各フィーチャーチームで自律的に Story と API Mock を追加・メンテナンスしていくためには、 VRT 導入当初から Storybook を用いた開発手法に慣れてもらう必要があります。 そのため、Page Component に対する Story 追加作業は各フィーチャーチームに分担してもらうことにしました。
フロントエンドテスト方針の改定や VRT 導入の意図や目的については、 横串活動の成果発表会やラーニングセッション7を通じて全エンジニアに周知しました。 加えて、Storybook の使い方や Story・API Mock の書き方についての勉強会を実施することで、 各チームメンバーがスムーズに Story 追加作業を行える状態を整えました。
4. ゴール達成へ向けた進捗管理
各チームへ作業依頼したものの、どのチームも日々の開発業務で多忙です。 依頼投げっぱなしでは忘れ去られてしまいます。 そのため、毎週進捗グラフを Slack にて共有することで VRT に対する関心を維持するよう務めました。 また、作業する上での疑問点や不明点があれば、その都度相談を受けていました。
期限ギリギリの追い込み作業もありつつ、なんとか当初のゴール設定通りに Story 追加対応が完了しました 🎉 この場を借りて改めて、対応してくれたメンバーの皆に感謝します。ありがとうございました!
VRT 導入後の現状と今後の取り組み
VRT 導入から半年ほど経過した現在の状況と、今後の取り組みについて話していきます。
導入効果
VRT を導入したことで、フロントエンド実装の Pull Request (PR) に対して自動で VRT を実行し、 Chromatic の UI Tests 機能を用いて UI 差分を検出・レビューできる状態となりました。 この UI Tests の確認・レビューを PR マージ時に必須とすることで、予期せぬ UI 差分のリリース混入を未然に防いでいます。 実際にリグレッションが防止できたケースがいくつもあり、導入効果を実感しています。
活用状況
VRT 導入後に追加された新規 Page Component 12 件のうち 11 件には Story が追加されています。 カバレッジ 100% とはなりませんでしたが、VRT 対応のテスト方針はおおよそ守られているようです。

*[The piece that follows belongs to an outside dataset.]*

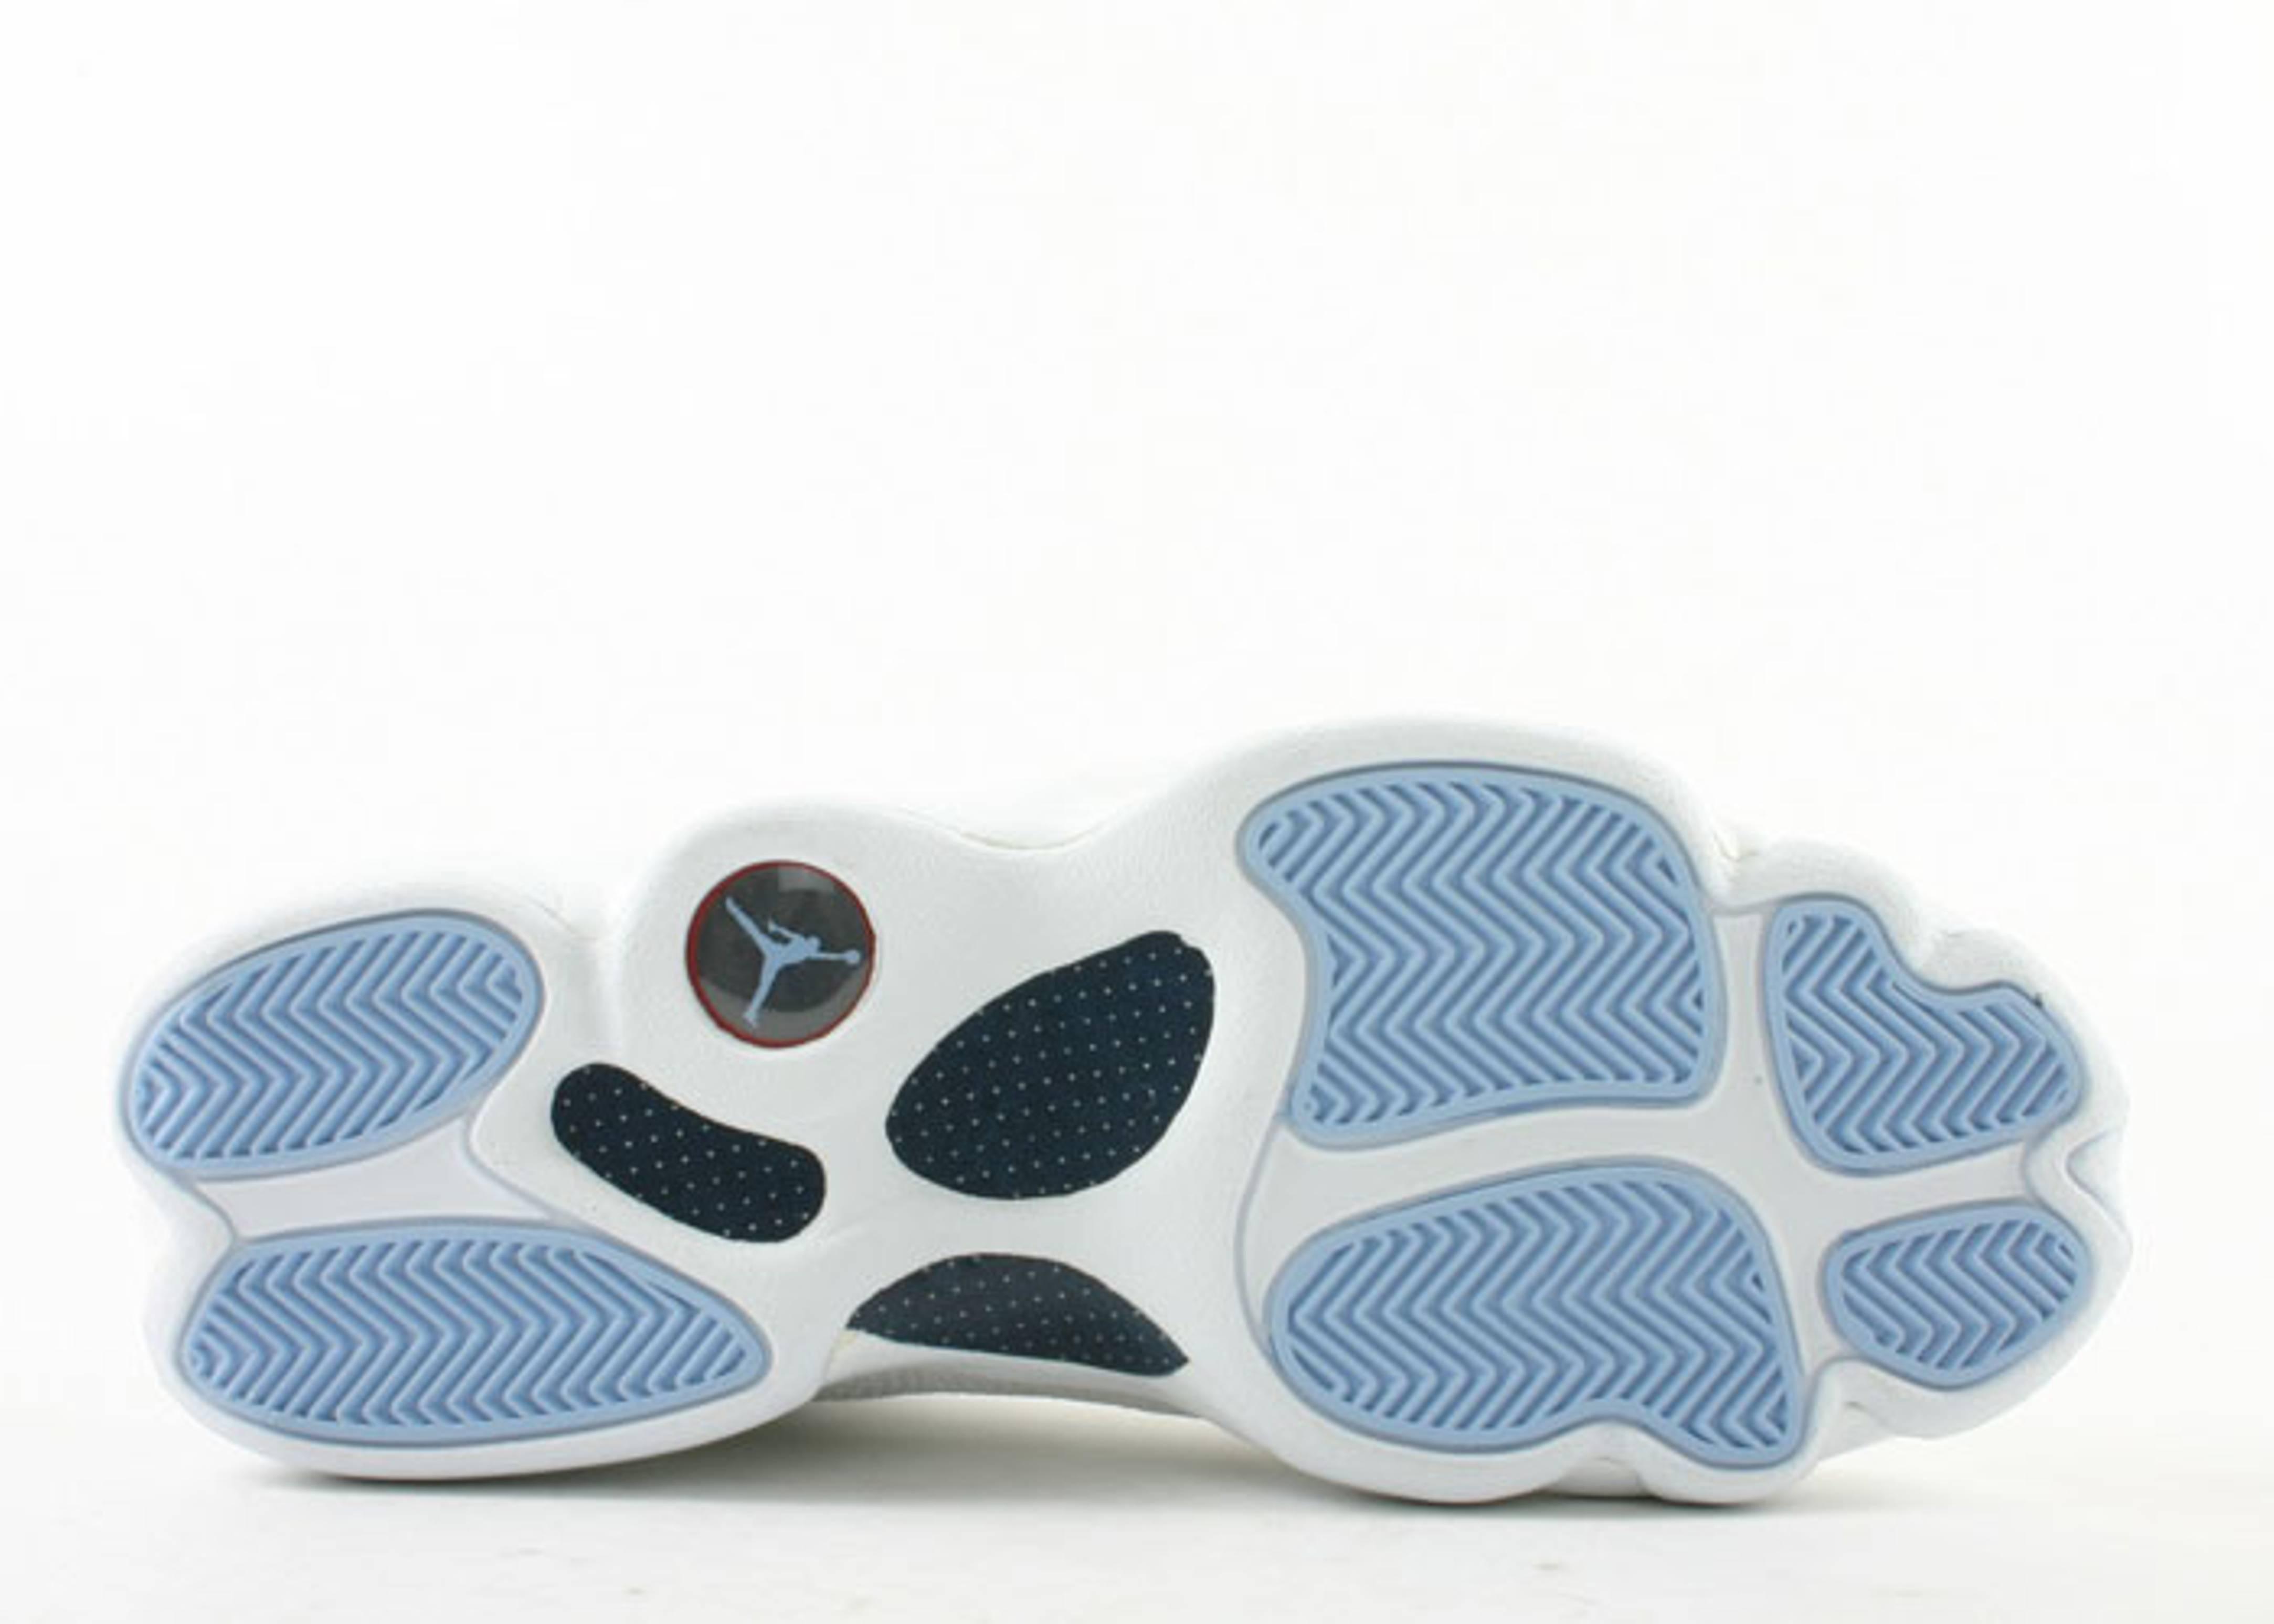 5d03a2913bc0 ... air jordan 13 retro low air jordan 310810 103 white metallic silver  midnight navy ice blue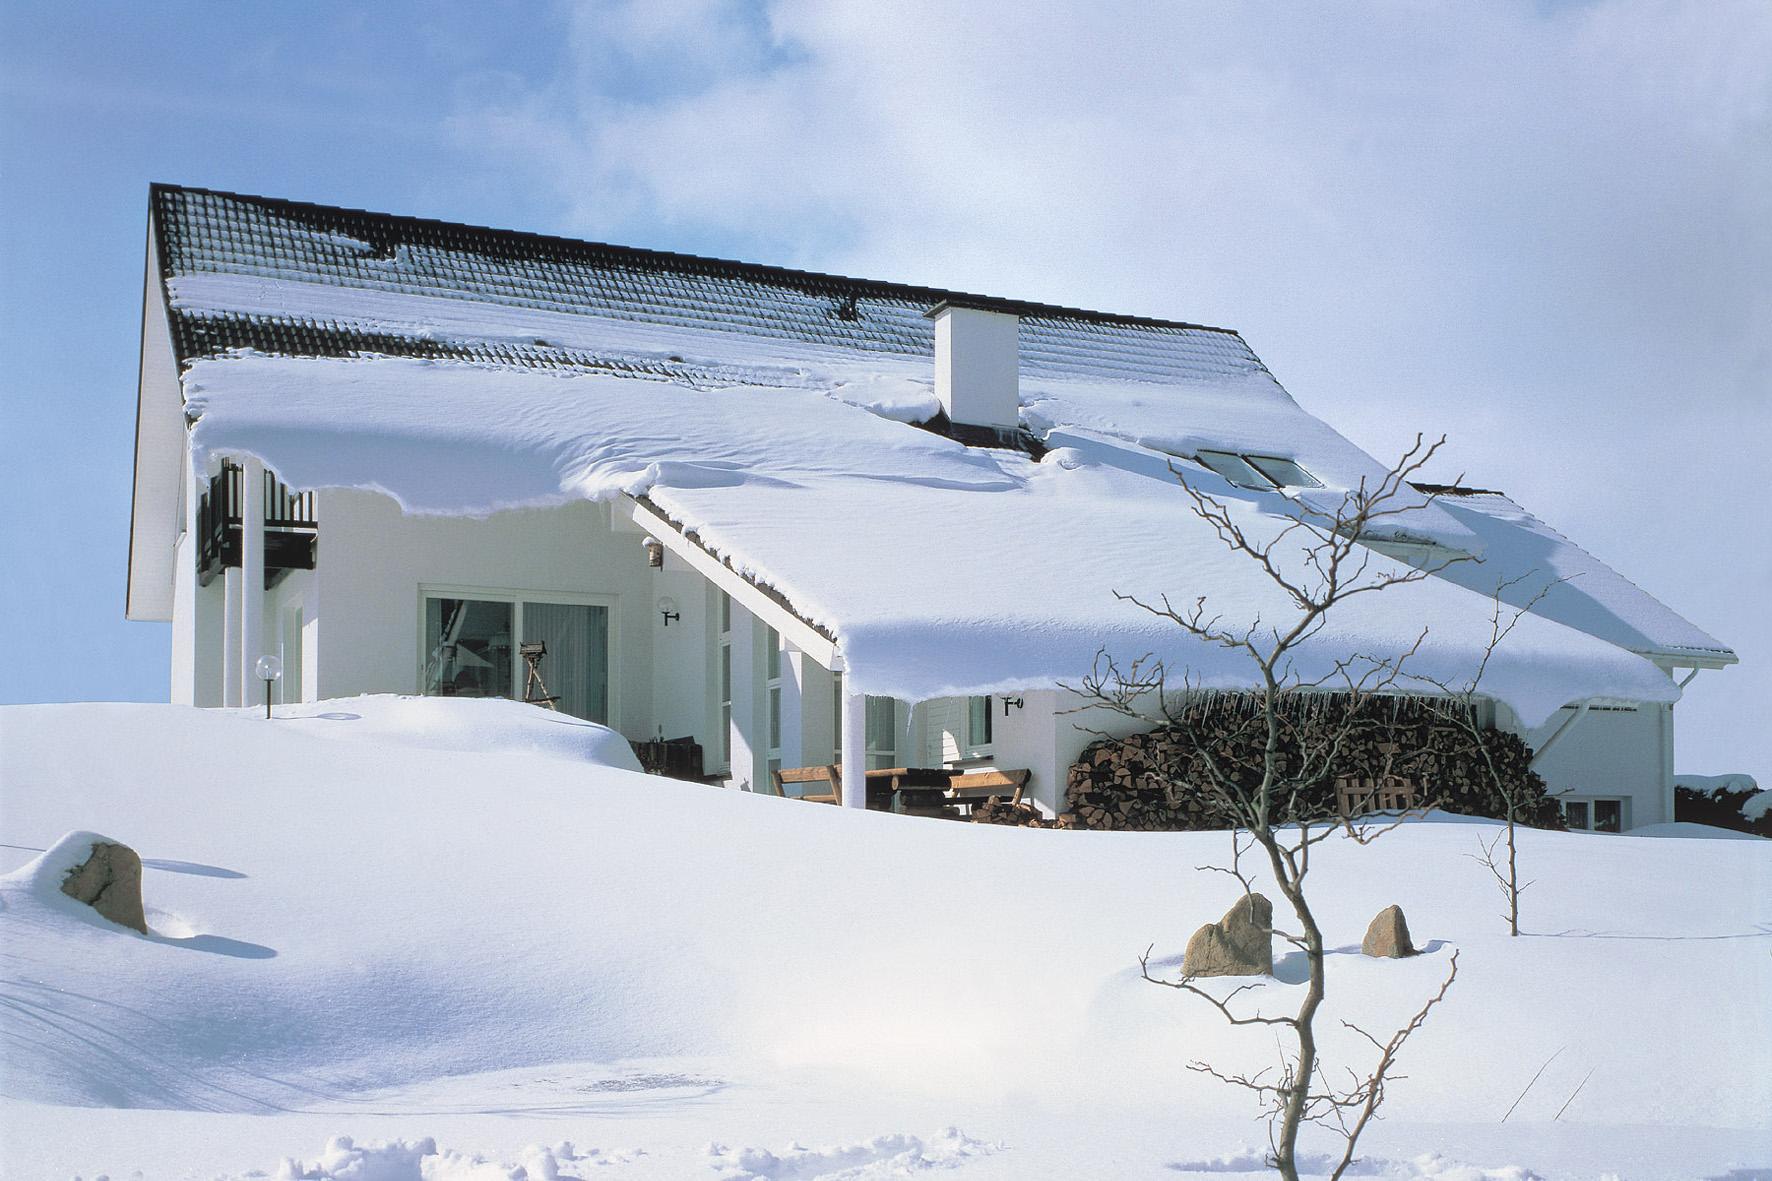 снег на крыше дома картинки сам себе

Page 以外のより細かい粒度の Component に対する Story も増加しており、 Storybook を用いた開発手法が徐々に浸透しつつあります。 また、Storybook を用いた Interaction Test 8 も記述され始めています。 これらの取り組みは、フロントエンドチームが強く働きかけを行ったわけではなく、 各チームでフロントエンド開発やソフトウェア品質について感度の高いメンバーが自発的に取り組んでくれたものです。 Bill One 開発組織の力強さを改めて感じます。
課題
一方で、目下課題になっているのが Chromatic 利用コストの増加です。 余分な VRT 実行を回避するため、テスト対象の Story を絞り込んだり9、 TurboSnap 機能を有効化しているものの、 Page Component Story の増加やそもそもの開発の活発さも相まって増加傾向にあります。 今後より一層 VRT・Chromatic を活用していく上での障壁とならないよう、 Component や Module の依存最適化などを通じて TurboSnap 機能の適用範囲を拡大し、コストの適正化に取り組む必要があります。
今後の取り組み
Page Component に対する VRT は実現できたわけですが、Component の粒度が大きいためページ内の全ての挙動を網羅することは困難です。 そのため、完全に UI 差分起因のリグレッションを防ぎきれているわけではありません。 今後は Page Component に加えて、より細かい粒度の Component に対する VRT を実施していく必要があります。 フロントエンドの品質と、対応コスト・Chromatic 利用コストとのバランスを取りつつ、VRT 対象を拡大していく予定です。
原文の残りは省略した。